HOUSTON (Realist English). ConocoPhillips announced plans to reduce its global workforce by 20–25% — equivalent to 2,600–3,250 jobs — by the end of 2026, as the US oil and gas group responds to weaker crude prices and seeks to deliver on its cost-cutting strategy.
The company said the majority of layoffs, which will affect both full-time employees and contractors, will occur in 2025. “We are always looking at how we can be more efficient with the resources we have. As part of this process, we have informed employees that a 20 to 25 per cent reduction in our global workforce, which includes employees and contractors, is anticipated,” ConocoPhillips said in a statement.
The move follows a 12.5% decline in West Texas Intermediate crude prices since the start of 2025, which has prompted a wave of restructuring across the oil and gas sector. Chevron announced in February that it would cut one-fifth of its staff, while BP last month said it would trim at least 15% of its 40,000 office workforce.
Industry analysts say the layoffs reflect an adjustment after record profits in 2022–2023, when Russia’s full-scale invasion of Ukraine drove energy prices sharply higher. Oil majors are now seeking to consolidate operations and preserve shareholder payouts amid lower revenues, following an estimated $300bn wave of mergers and acquisitions in the sector over 2023–2024.

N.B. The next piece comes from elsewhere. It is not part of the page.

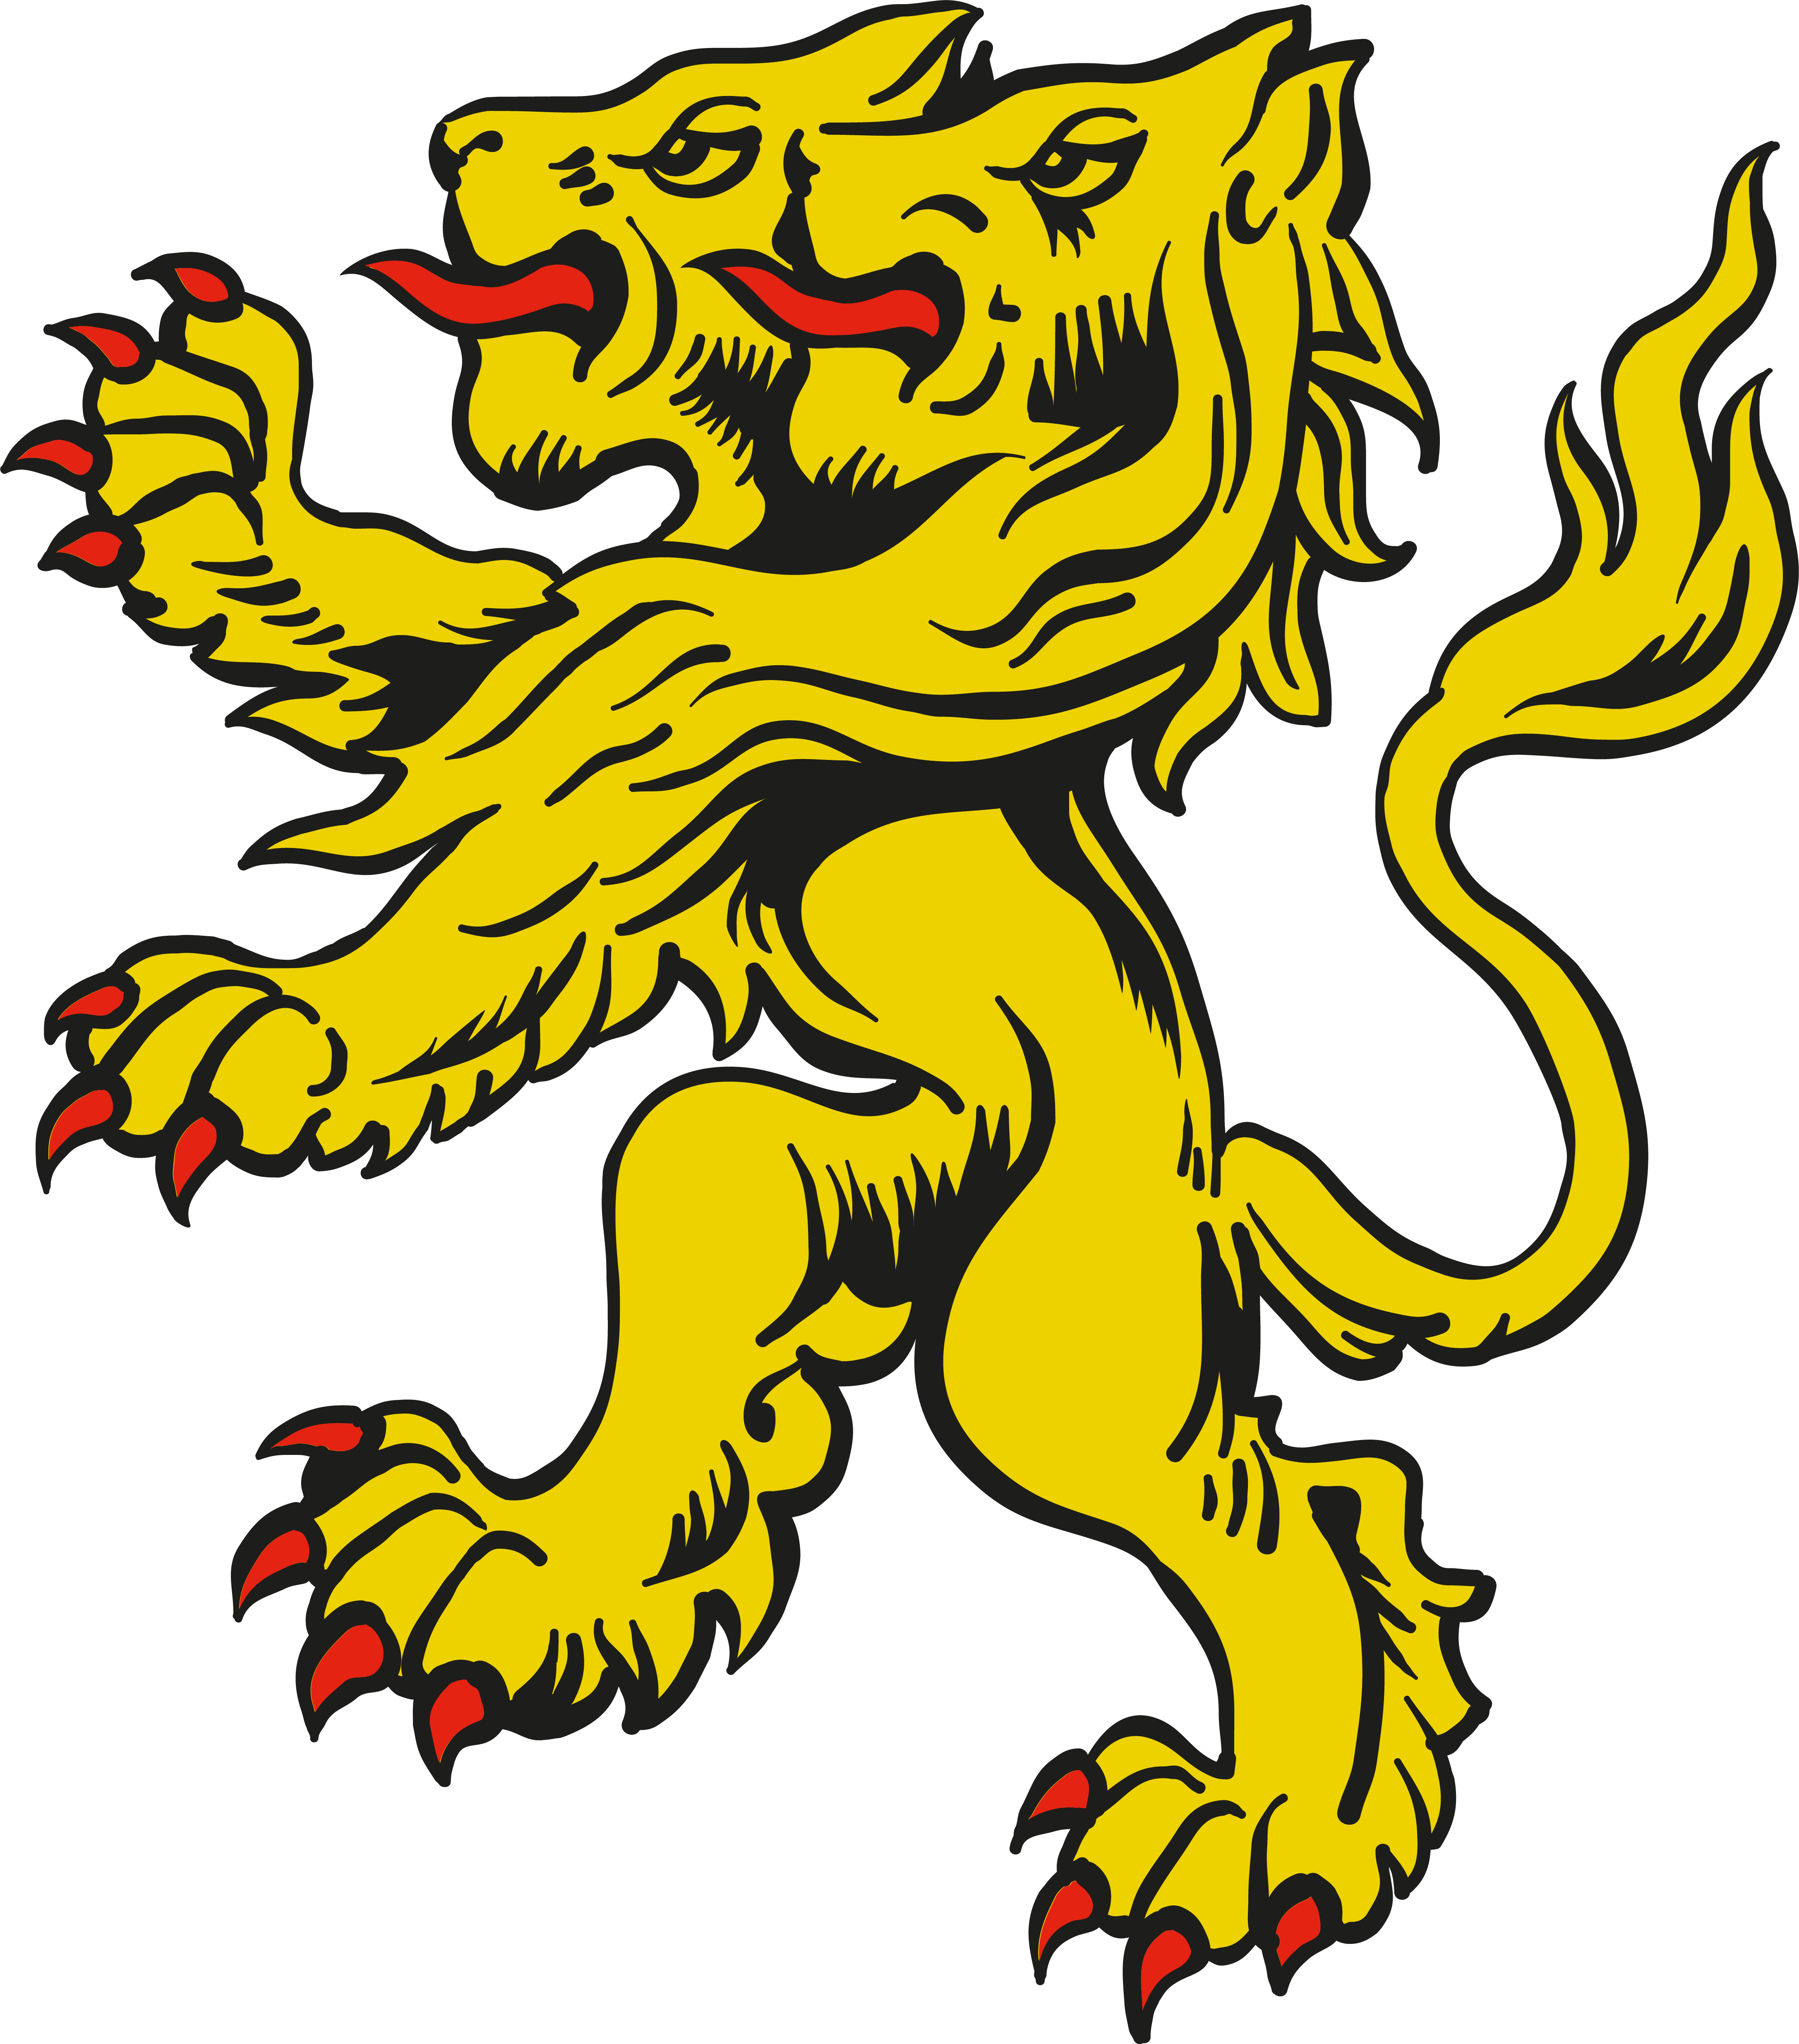 University of Birmingham lion logo

ConocoPhillips last November closed its $22.5bn acquisition of Marathon Oil, forecasting $1bn in annual synergies within a year. Chief executive Ryan Lance told investors last month that additional savings of about $1bn had been identified, citing “workforce centralisation” and lessons from recent transactions.
“We are going to be implementing [these measures] globally throughout the company,” Lance said, underscoring management’s focus on margin enhancement and capital discipline.